# New Stereo Install



## Sam (May 12, 2003)

I decided to change the factory radio with a Clarion DXZ735MP MP3 player (since the color matches interior lights) in my 92 525i and the technician at Crutchfield mentioned that I need an adapter that wires up between the headunit and the factory amplifier. 

He said I needed a power match adapter for converting floating ground and common ground. I had not read about this anywhere on the forums so I am unsure.

Is this adapter really required?
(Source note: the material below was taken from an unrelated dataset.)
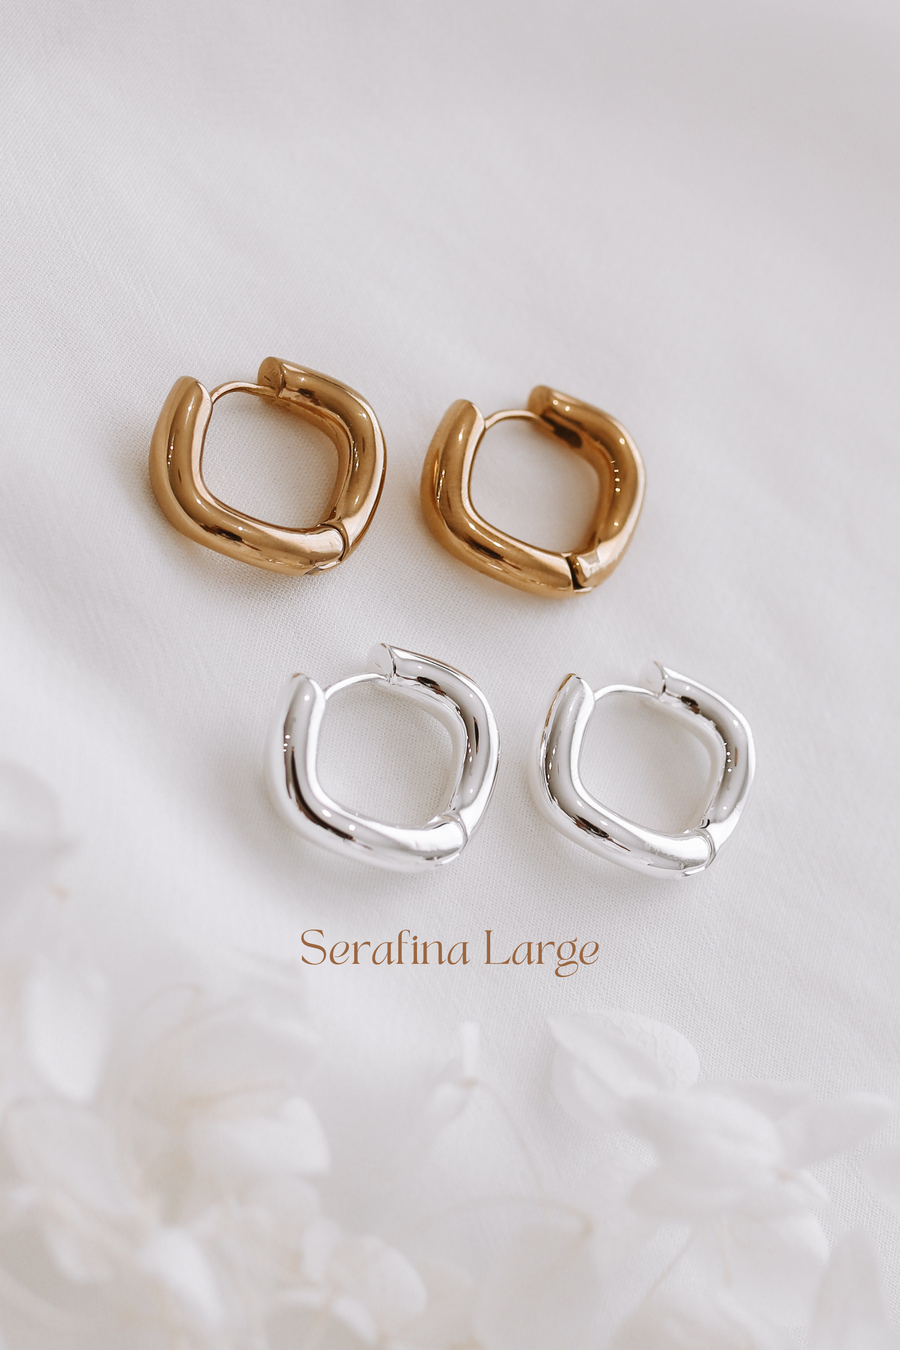 Serafina - Gold or Silver Stainless Steel Hoops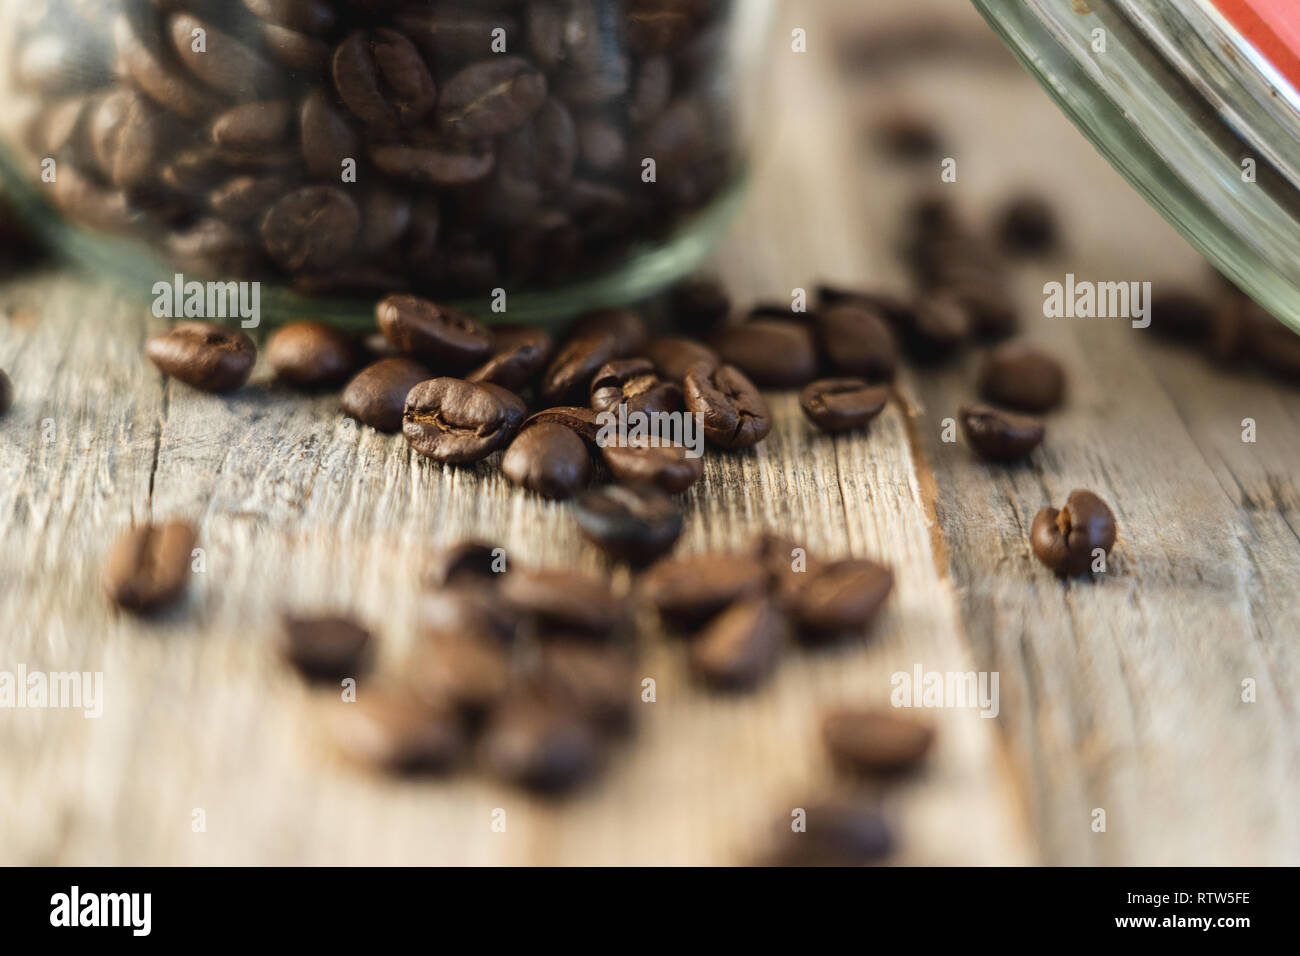 Close-up shot of roasted coffee beans on rustic wooden boards Stock Photo

What happens if I dont install it?

Thanks
Sam


----------



## jvr826 (Apr 22, 2002)

Sam said:


> I decided to change the factory radio with a Clarion DXZ735MP MP3 player (since the color matches interior lights) in my 92 525i and the technician at Crutchfield mentioned that I need an adapter that wires up between the headunit and the factory amplifier.
> 
> He said I needed a power match adapter for converting floating ground and common ground. I had not read about this anywhere on the forums so I am unsure.
> 
> ...


I installed a Blaupunkt head unit in a 1994 540i without any Line Output Converter (LOC) . If I remember correctly, the new head unit powered the speakers, but that was a long time ago and I could be mistaken. In either case, we did nothing special to connect the new head unit from Crutchfield. The harness they provided wired right in and we were done quickly.

So you want to use your new head unit to send signals to the factory amplifier... I did the opposite in my 2002 530 and I used a LOC between the factory "stereo" and the aftermarket amplifier. This device handles the ground matching and is adjustable to allow for tuning the input signal to the amp.
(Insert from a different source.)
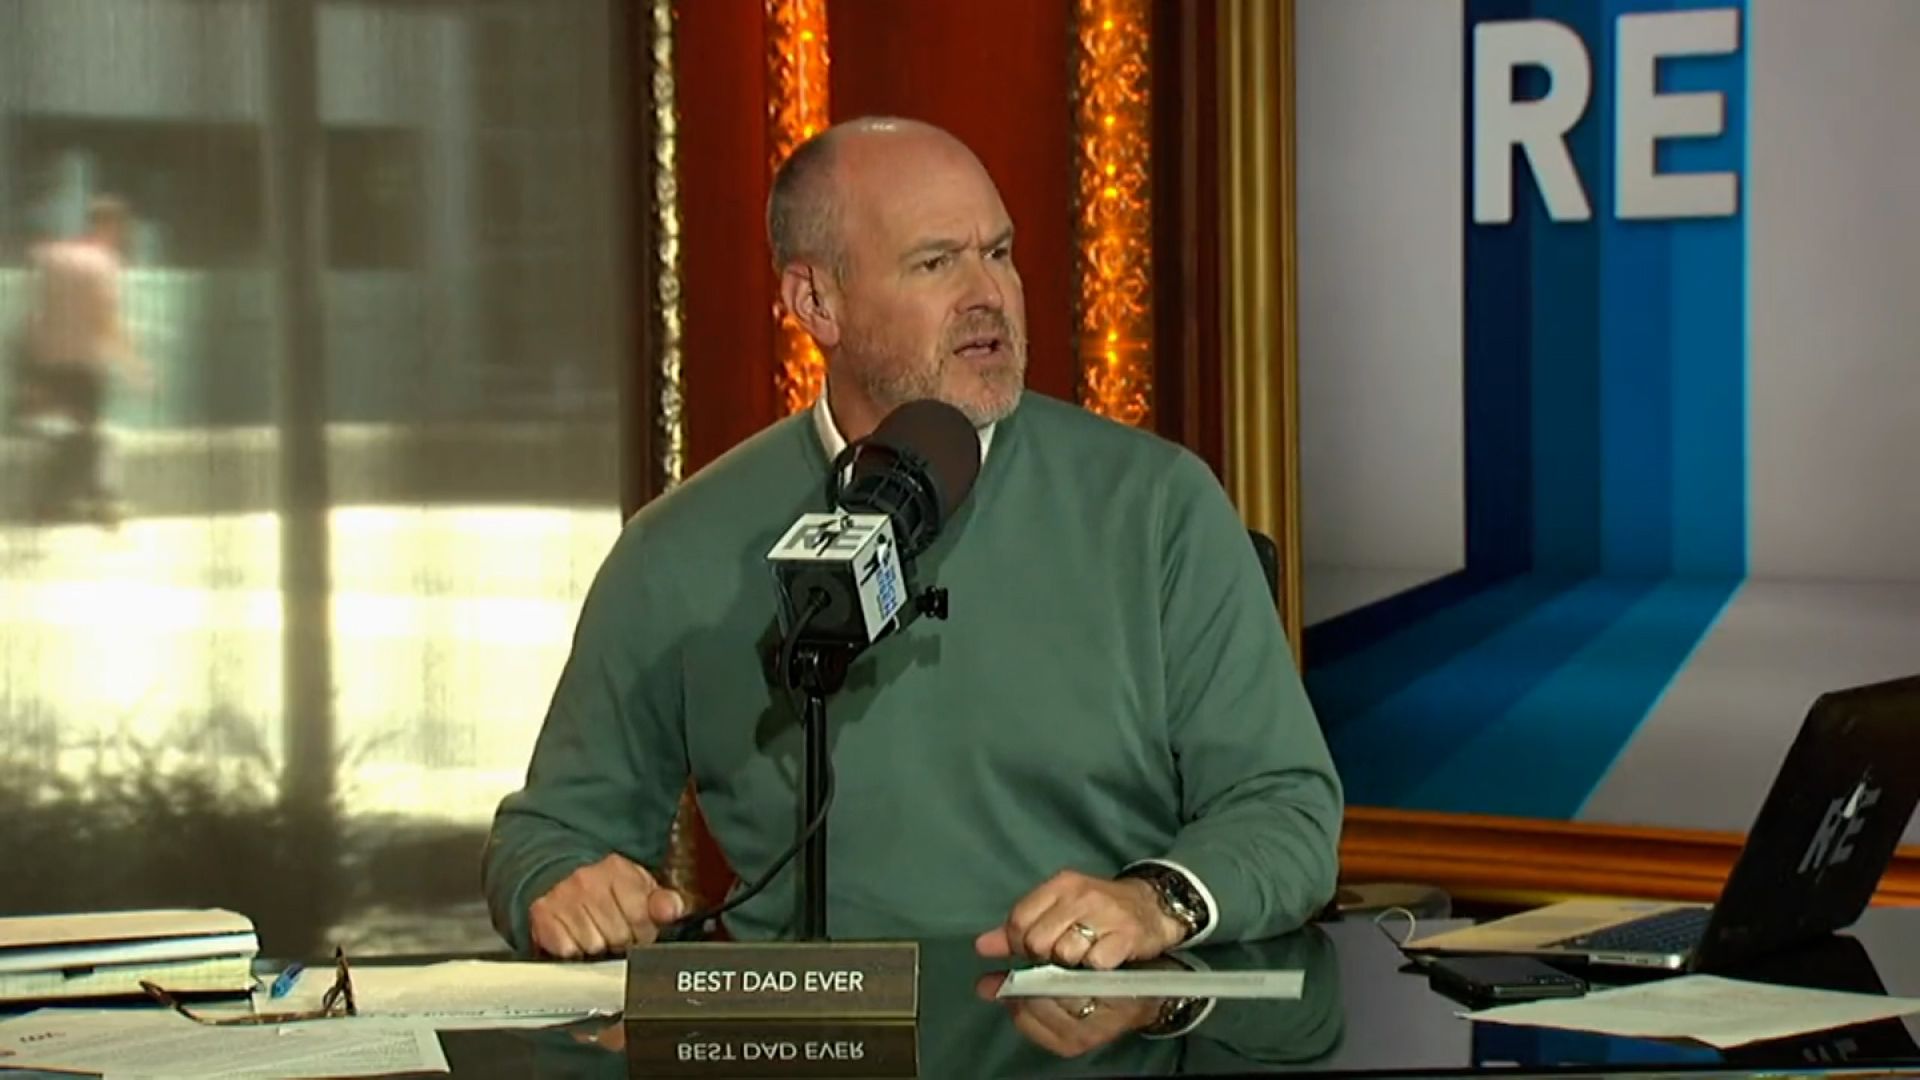 VIDEO: Sports host Rich Eisen gives impassioned plea on gun laws

It seems you can use the same type of device to match your new head unit with the factory amp. I'm not familiar with the system in the '92 E34, are the speakers crossed over internally to the amplifier as in the E39? If not, why not just power the speakers with your new head unit directly?

If you need an LOC and you don't use it, you will get an incredible amount of alternator noise in your system, and/or, your factory amp will not produce any sound. In my '02, without the LOC, my amp would turn off instantly when the RCA inputs were connected. The odd thing is, in my '99, same car, same amp (part numbers confirmed) I did not need an LOC. I was able to connect the factory system directly to the aftermaket amplifier, no noise, no problems. This stumped me, but I broke down and spent the $100 on the LOC for the '02.


----------